The UK currency had gained significant ground on hopes a strong Conservative majority would lead to a speedy resolution to the Brexit deadlock. The most bullish forecasts, which call for a rally to $1.40 or beyond, depend on a market-friendly exit from the EU, which now looks at risk with the return of Johnson’s hardline negotiating strategy.

The bank’s economist Allan Monks wrote in a research note dated December 13 that while Johnson’s sturdy majority means “the indecision and domestic delays” of the past two years should be over, it also means the government is likely to take a forceful approach in the upcoming negotiations.

Getting pounded

The pound fell 1% to back below $1.32 — nearly 2% under Thursday and Friday’s post-election highs of just more than $1.35. The FTSE 250, the UK’s domestically skewed stock index, fell by as much as 1.7% with declines for banks and retailers. The FTSE 100, home to a range of multinationals that benefit from a weaker pound, held steady.

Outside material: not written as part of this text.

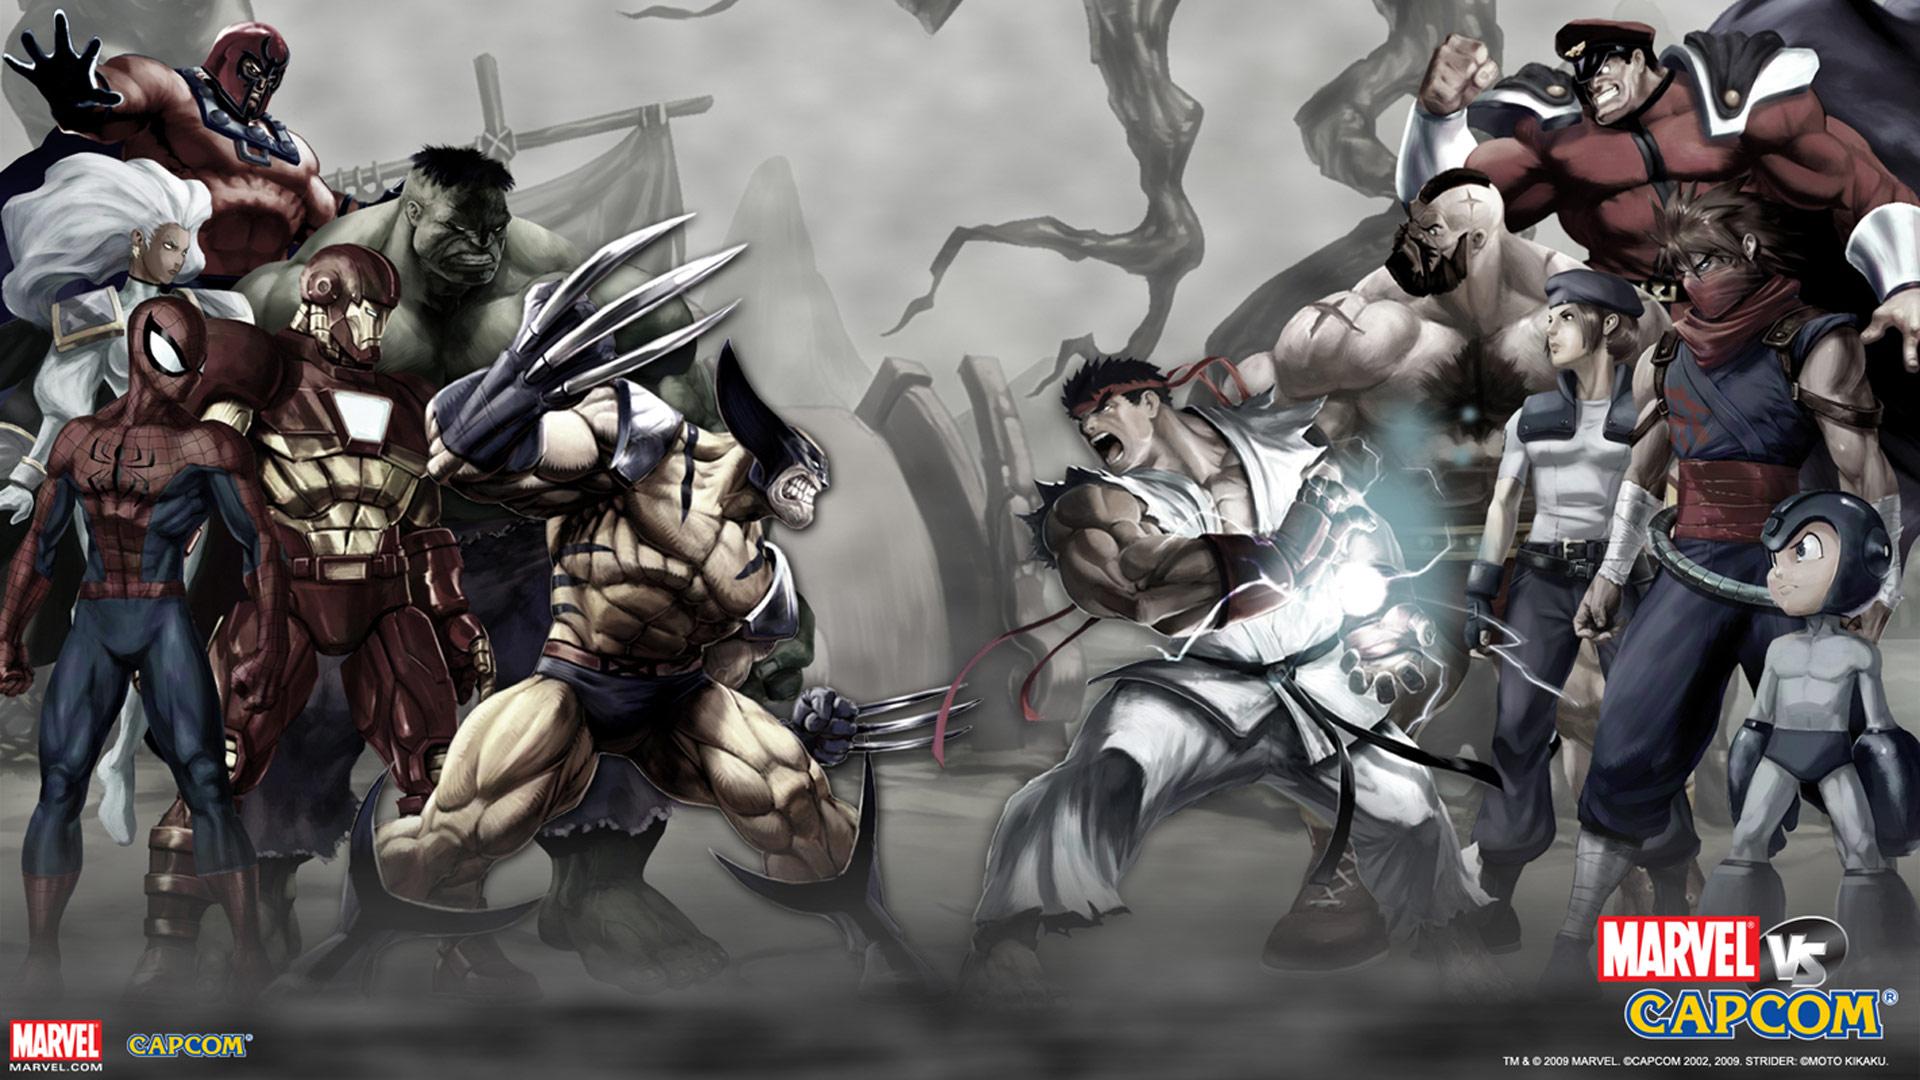 Marvel Vs Capcom 2 Wallpaper Artwork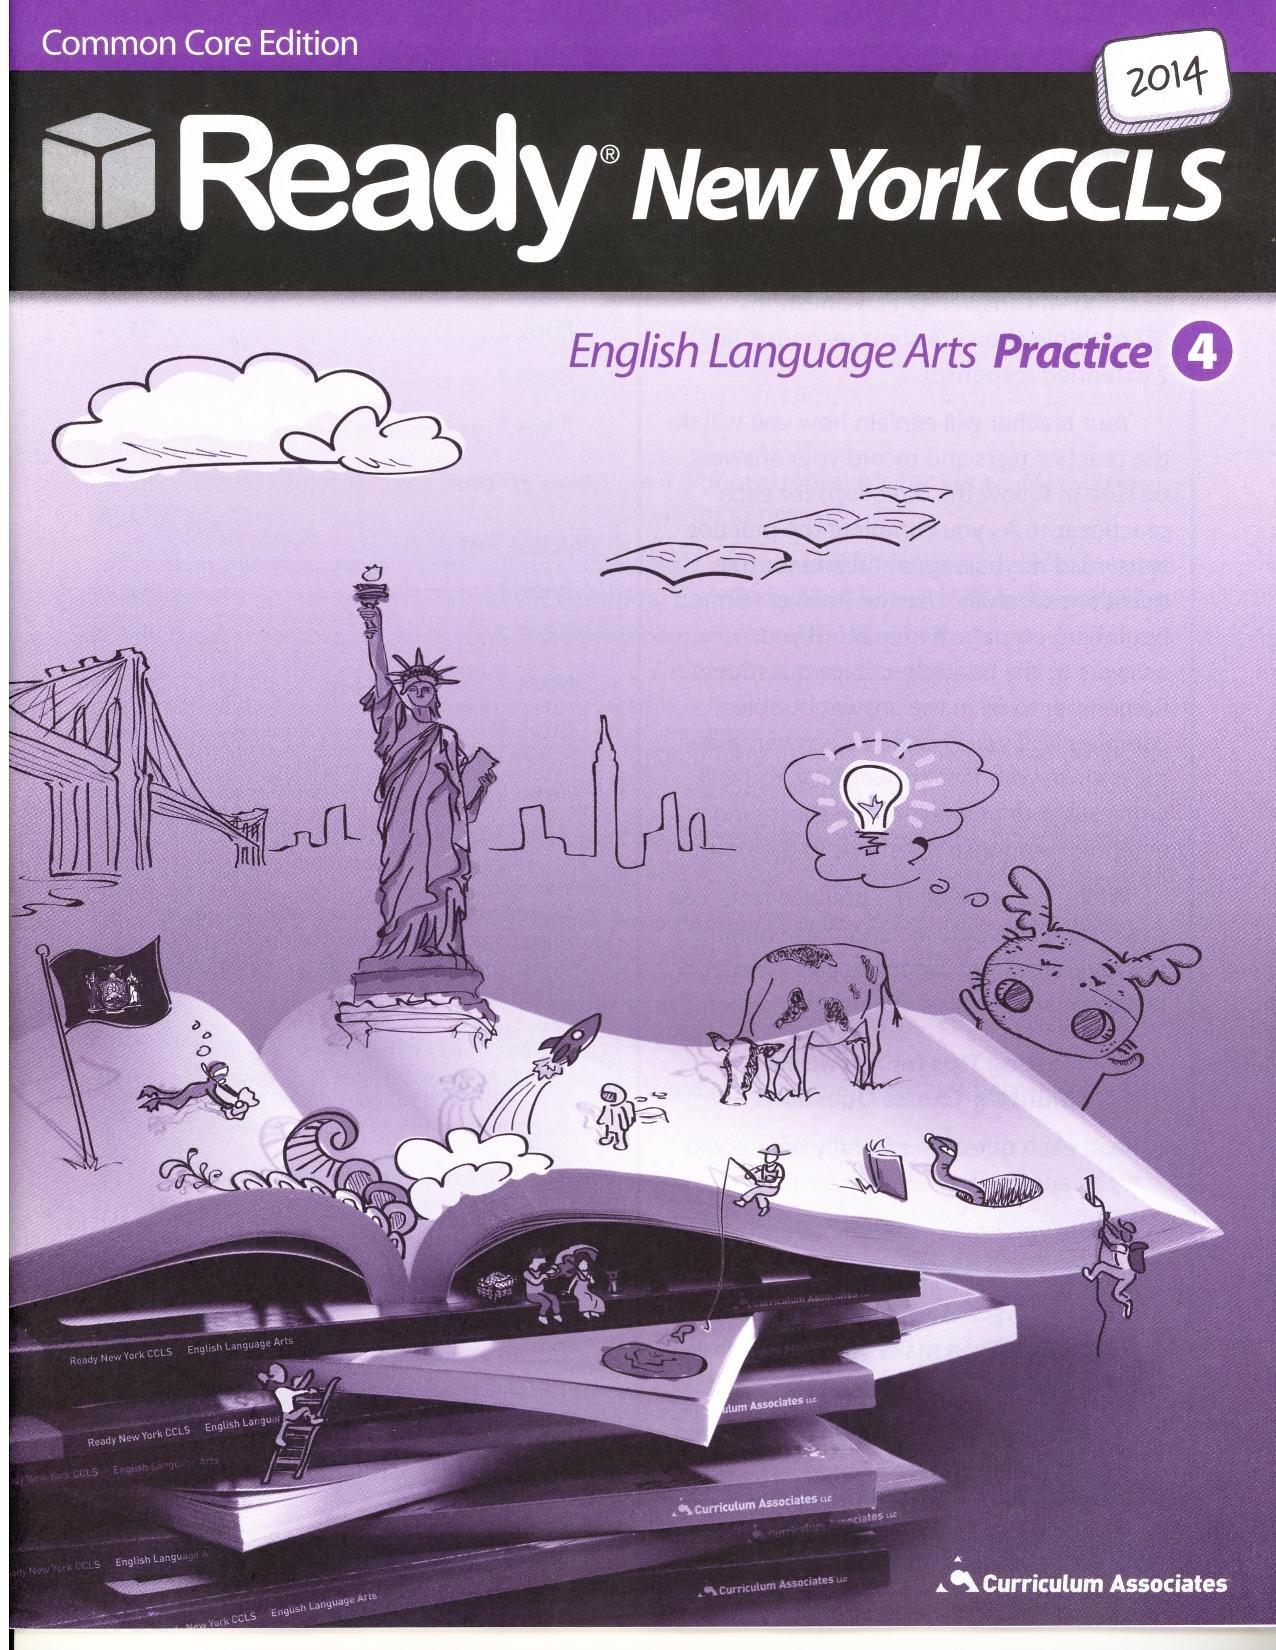 Amazon.com: Ready New York CCLS: English Language Arts Practice 2014, Grade  4 (9780760983652): Curriculum Associates: Books

EU leaders have warned it’s highly unlikely that negotiators will be able to complete the kind of deal Johnson wants — which he’s modelled on Canada’s agreement with the EU — in the 11 months between Brexit day January 31 and the December deadline. This sets up a fresh cliff-edge for a no-deal split with the EU at the end of 2020.

“It is fitting that the main culprit for the reversal is PM Johnson himself with his potentially ill-advised decision to block any chance of extending the transition period beyond December 2020,” said Valentin Marinov, head of Group-of-10 currency strategy at Credit Agricole SA.

Back to square one

The UK currency has been at the centre of a shift in positioning around the election campaign, which may be tested by the new government’s Brexit strategy.

A Citigroup index indicates that currency funds have almost completely unwound their bearish bets on sterling. Asset managers have also switched to a net long position on the pound from a net short before the vote, data from the Commodity Futures Trading Commission showed.

Some hedge fund clients are already buying puts — or options that bet on the currency dropping below a specified level — for the next 12 months, according to Philippos Kassimatis, a co-founder of hedging advisory firm Maven Global. Still, one-year risk reversals are near the least bearish level since July 2018, suggesting not everyone is in a rush to hedge.

If the law is passed, “it would erode all the positives of a large Tory majority and bring us back to previous position of pound uncertainty rising rather than falling next year”, Elsa Lignos, global head of currency strategy at Royal Bank of Canada, wrote in a research note.